Chapter Twenty-Seven #2
Why would he choose me? Having sex with me, sure, I understood that.
But beyond the physical, why would Maximo—with all his good looks, power, and money—want to be with gutter trash?
That question had lurked at the edges of my mind, invading randomly again and again.
My insecurities were a loose thread and that question tugged at them, leaving me frayed. Like I could unravel.
Like I was temporary.
Was I just the latest in a long line of barely-legal girls and popped cherries?
Was he going to toss me aside when the next one came along? Or would he want me to be one of the girls at the fights, with politicians snorting coke off my breasts and big shots groping me?
I wanted to swear he wouldn’t, but a lifetime of betrayal and heartache had taught me to never trust anyone.
And that definitely included slimy, shady, wannabe gangsters like Mugsy.
I tried once more to free my arm from his hold, but his grip was ironclad. So I screamed as loud as I could. “Help! Someone help!”
“Shut the fuck up, bitch.” He shook me so hard, I thought my neck would snap.
I got away from Marco that first night. I dodged Cole and locked him in a room.
I will not be taken down by Mugsy Carmichael.
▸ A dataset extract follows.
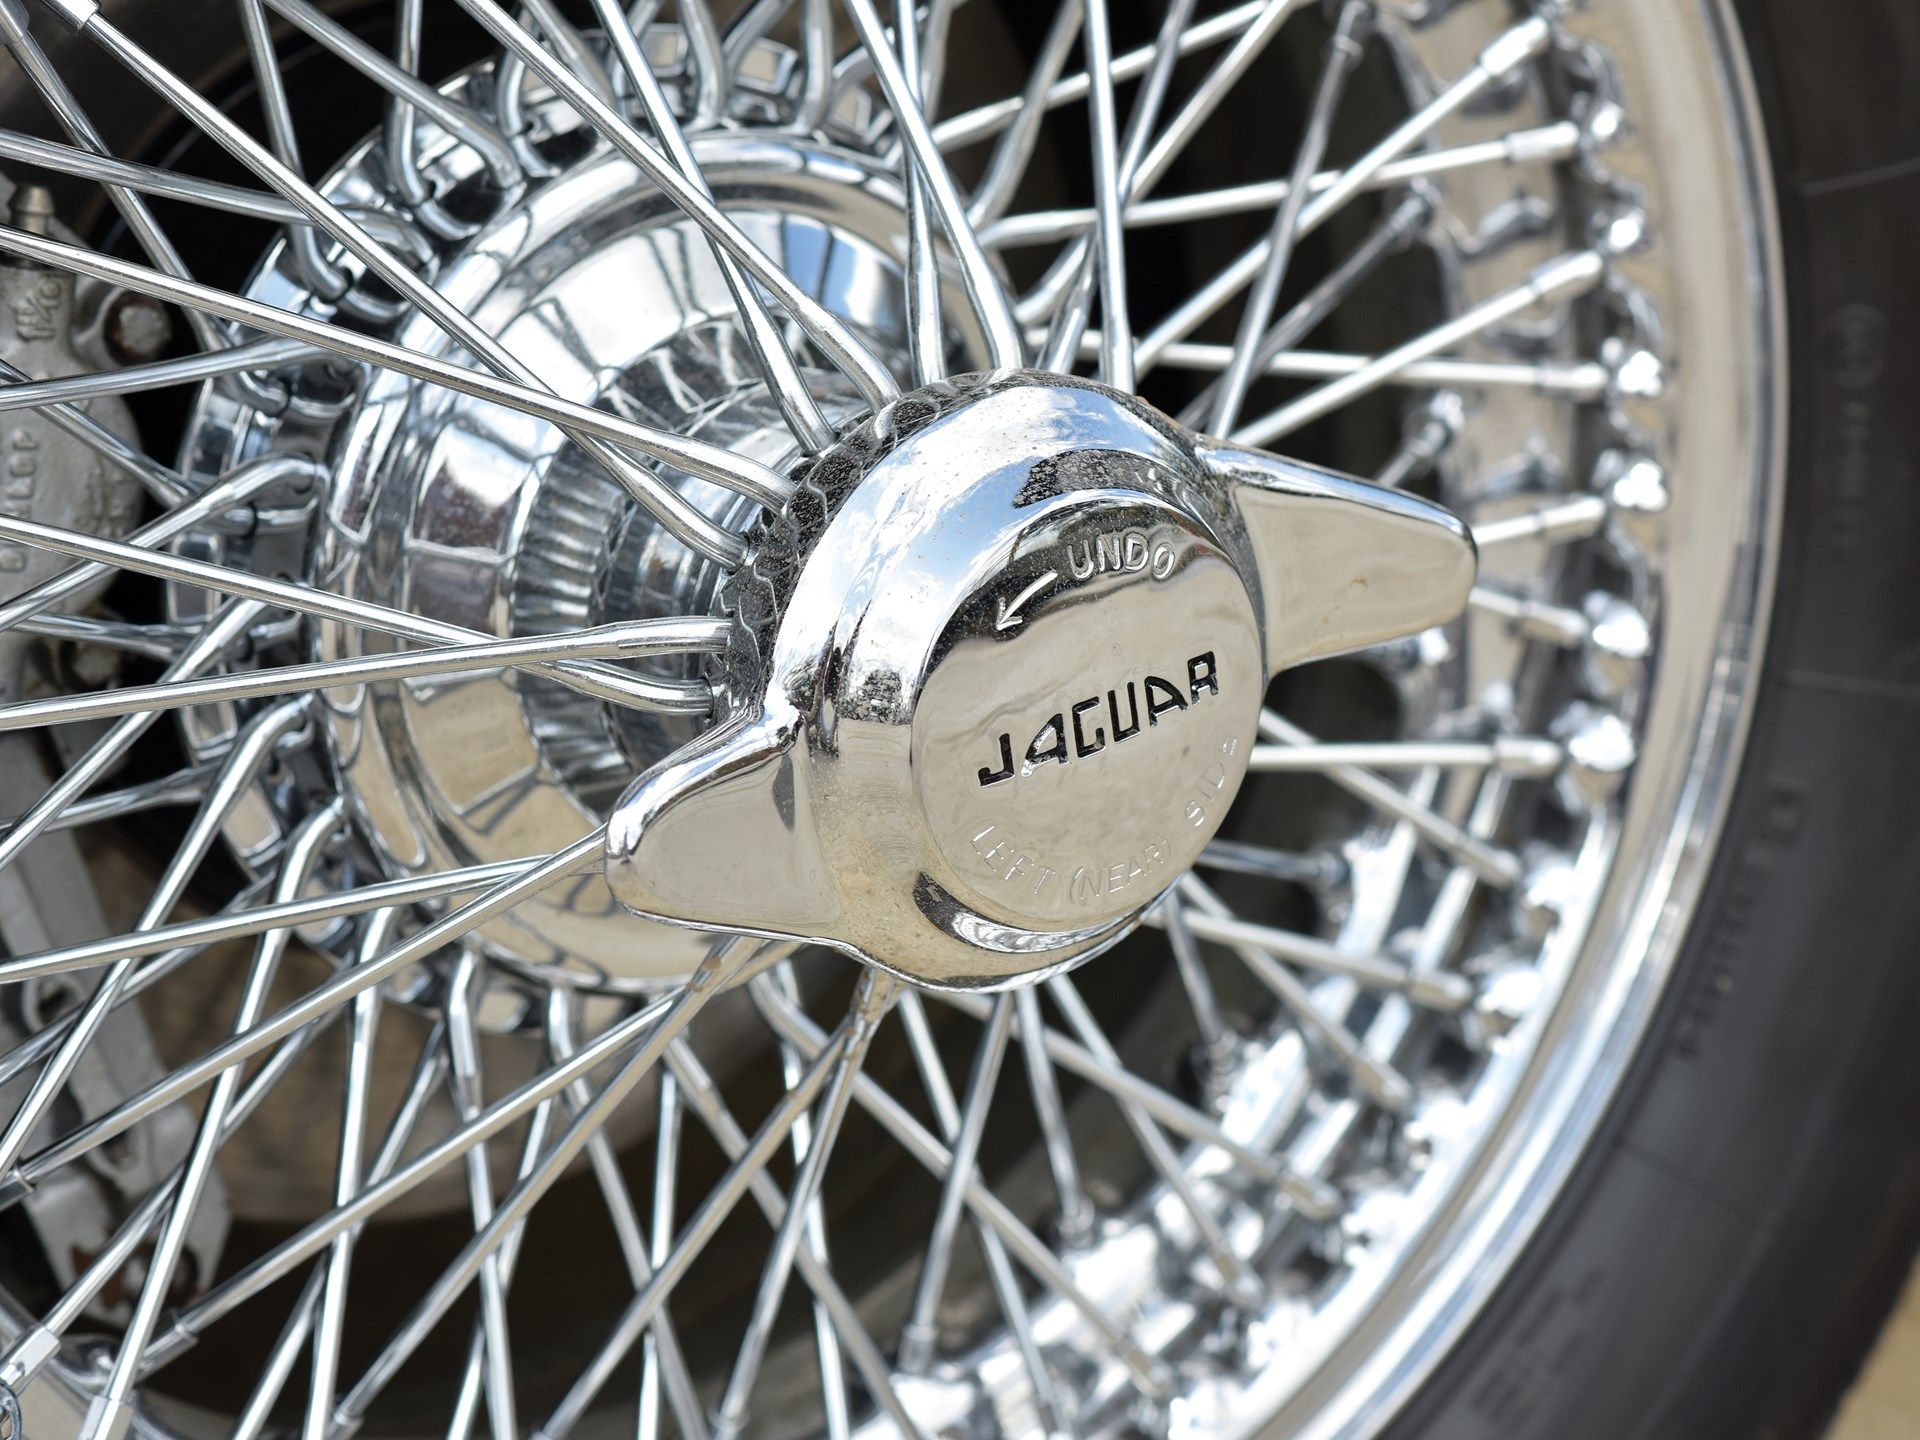 1960 Jaguar XK 150 S 3.8 Drophead Coupe

Thrashing, I screamed bloody murder.
Smack!
Burning pain radiated across my cheek where he’d hit me.
His face was red as a tomato when he did it again. Violently yanking me closer with one hand, he used the other to hit me a third time. His stupid, gaudy ring caught my lip, tearing it open.
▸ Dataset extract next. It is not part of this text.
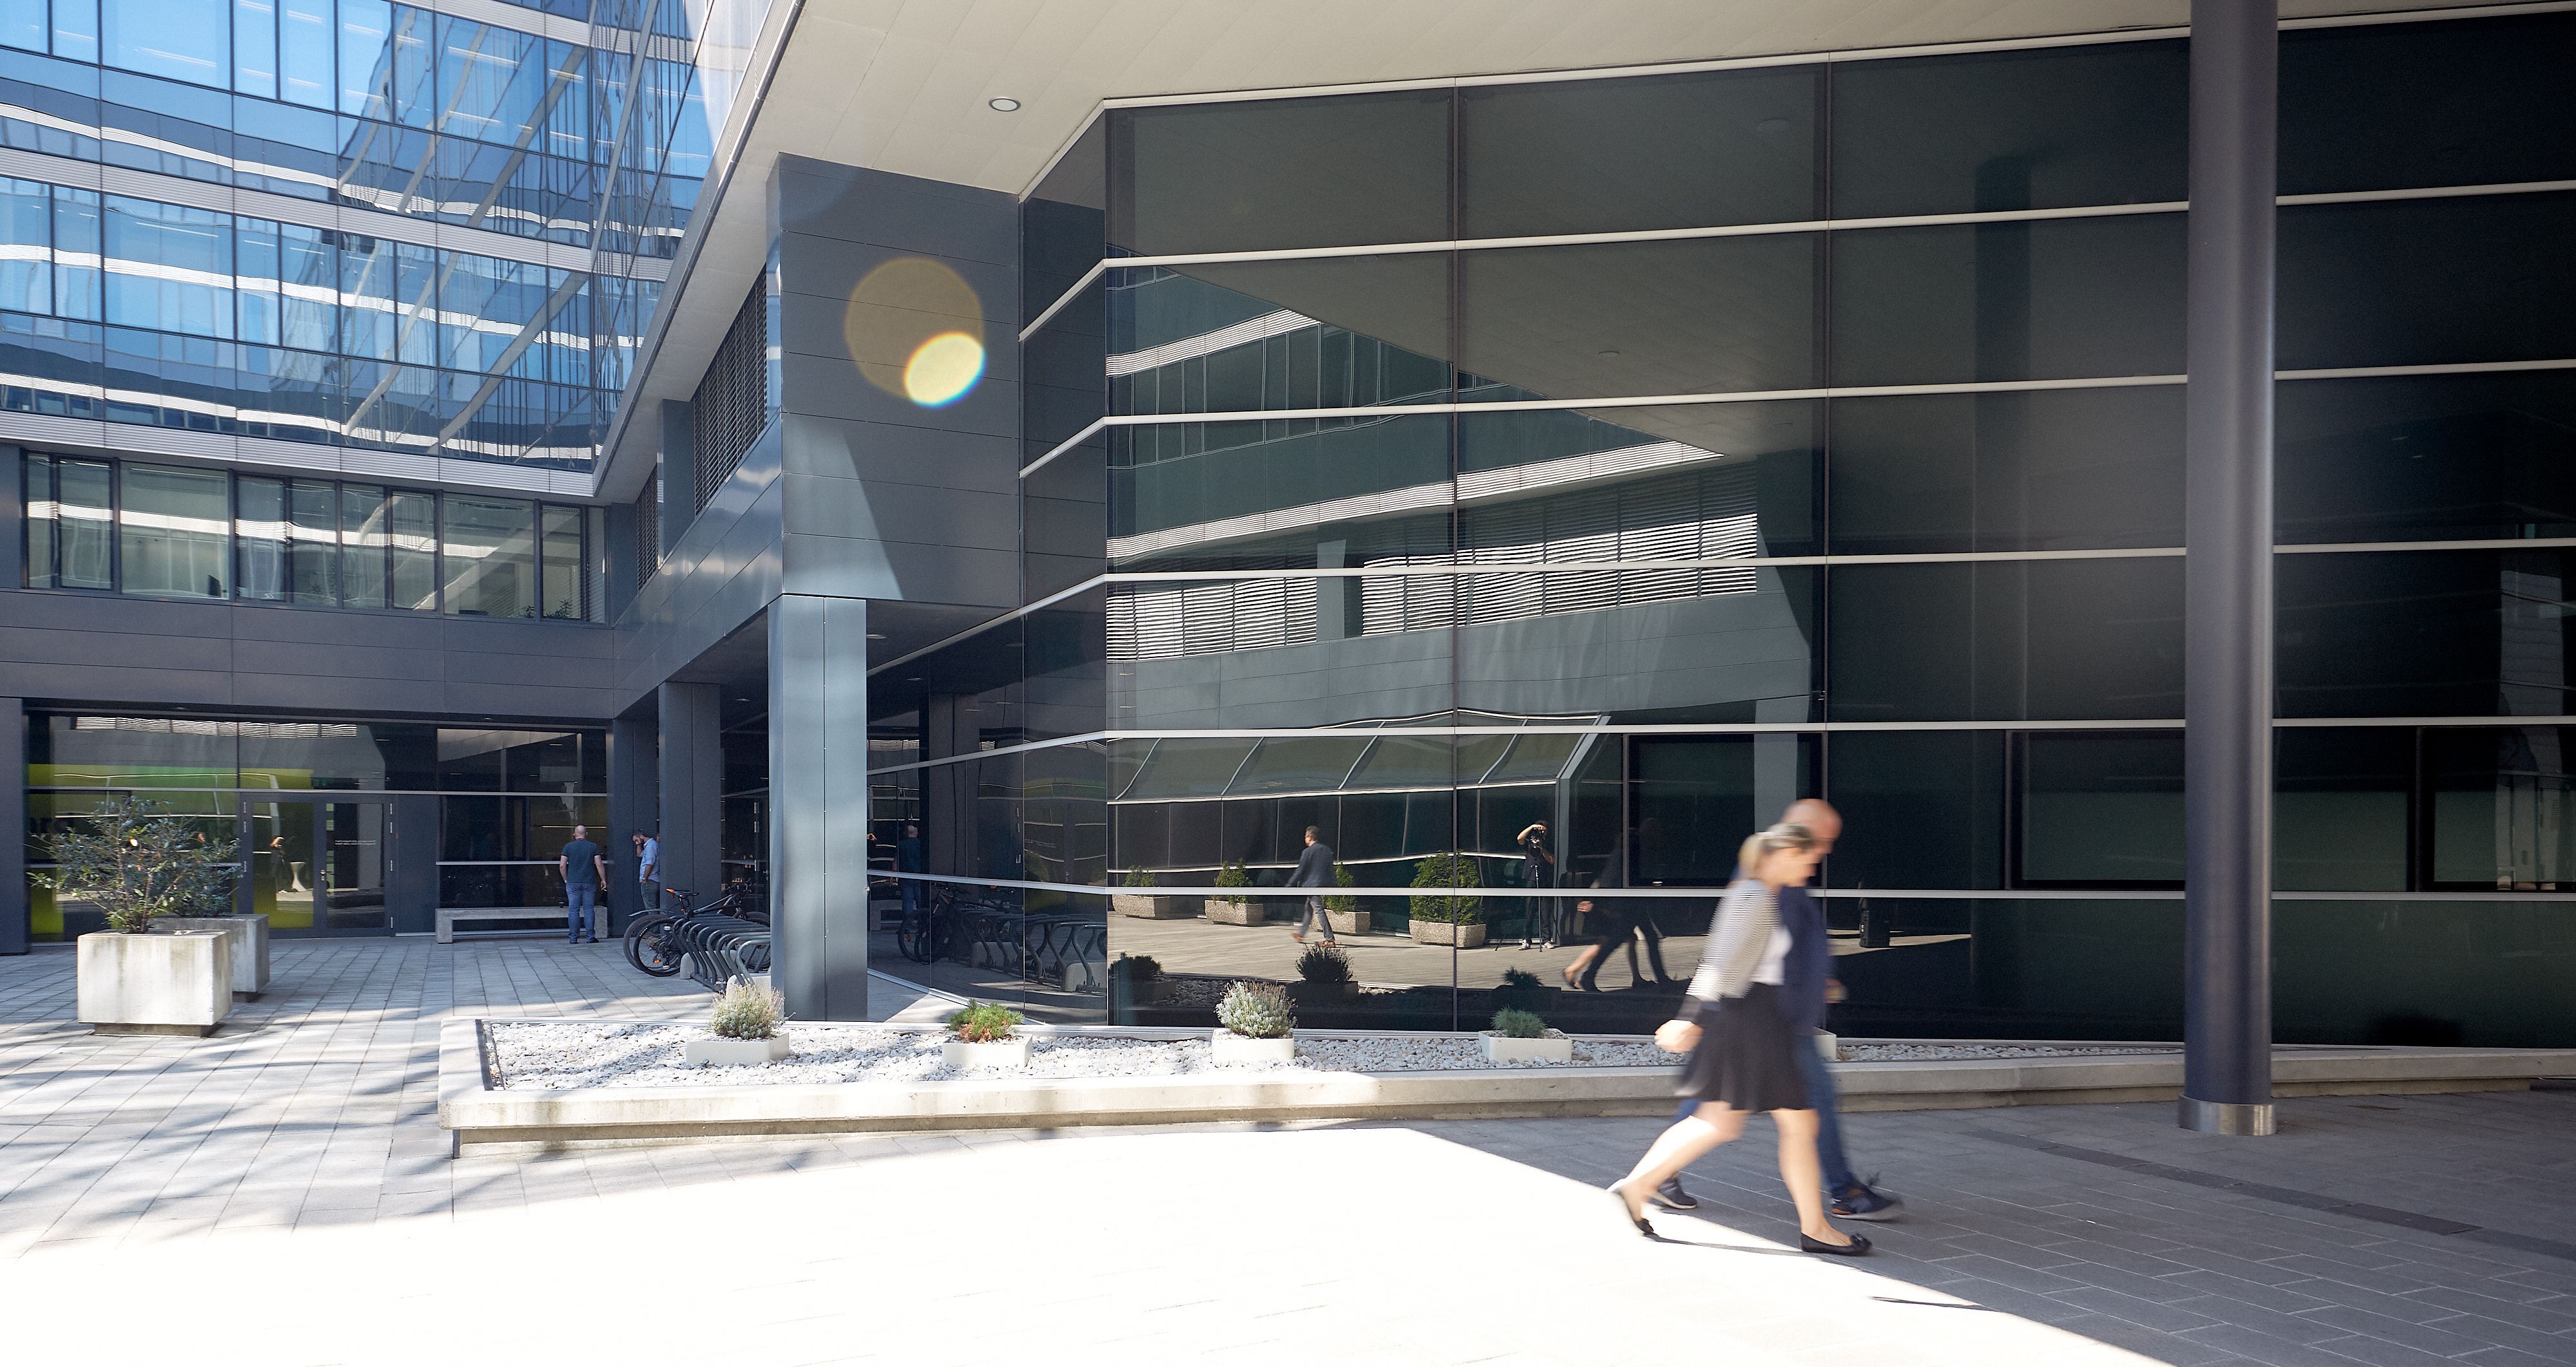 Foto: Ausschnitt eines modernen Bürogebäudes, in dessen Glasfassade sich die Alu-Glasfassade eines anderen Bürogebäudes spiegelt; im Vordergrund eine Frau und ein Mann, die nach rechts gehen

I wasn’t sure what came over me, but at the metallic taste and the hot drops of blood sliding down my chin, I smiled.
No, I grinned .
“He’s going to hunt you down,” I said matter-of-factly. “He’ll never stop. And when he catches you, he’ll make sure your death is slow and painful.”
All color drained from Mugsy’s face, but he puffed out his chest and blustered, “He won’t be able to get to me.
But while he’s trying, they’ll pass you around like the whore you are.
He won’t even want you when they’re done.
” His immense sweating turned into a waterfall down his jowled face as he pulled a gun.
“Out of respect for your father, I said I’d get you to come on your own, but you’re as greedy and money hungry as the rest. I should’ve let them have you. ”
When Maximo is done with him, he’ll wish he had.
Jabbing the gun into my side, Mugsy smirked triumphantly. He began down the path, clearly expecting me to follow.
I didn’t.
For whatever reason, someone wanted me. Whoever they were, they likely wanted me alive.
Which meant Mugsy wasn’t going to shoot me. And if he did? Well, death was better than being passed around.
Calling his bluff, I screamed. I kicked. I swung my arms windmill style, hoping to connect.
I made so much damn noise, someone had to hear me.
Mugsy caught my ponytail in his sweaty palm, yanking hard enough to make my eyes water, but I kept going.
Even when he smacked me.
Even when he hit me in the eye with the butt of his gun.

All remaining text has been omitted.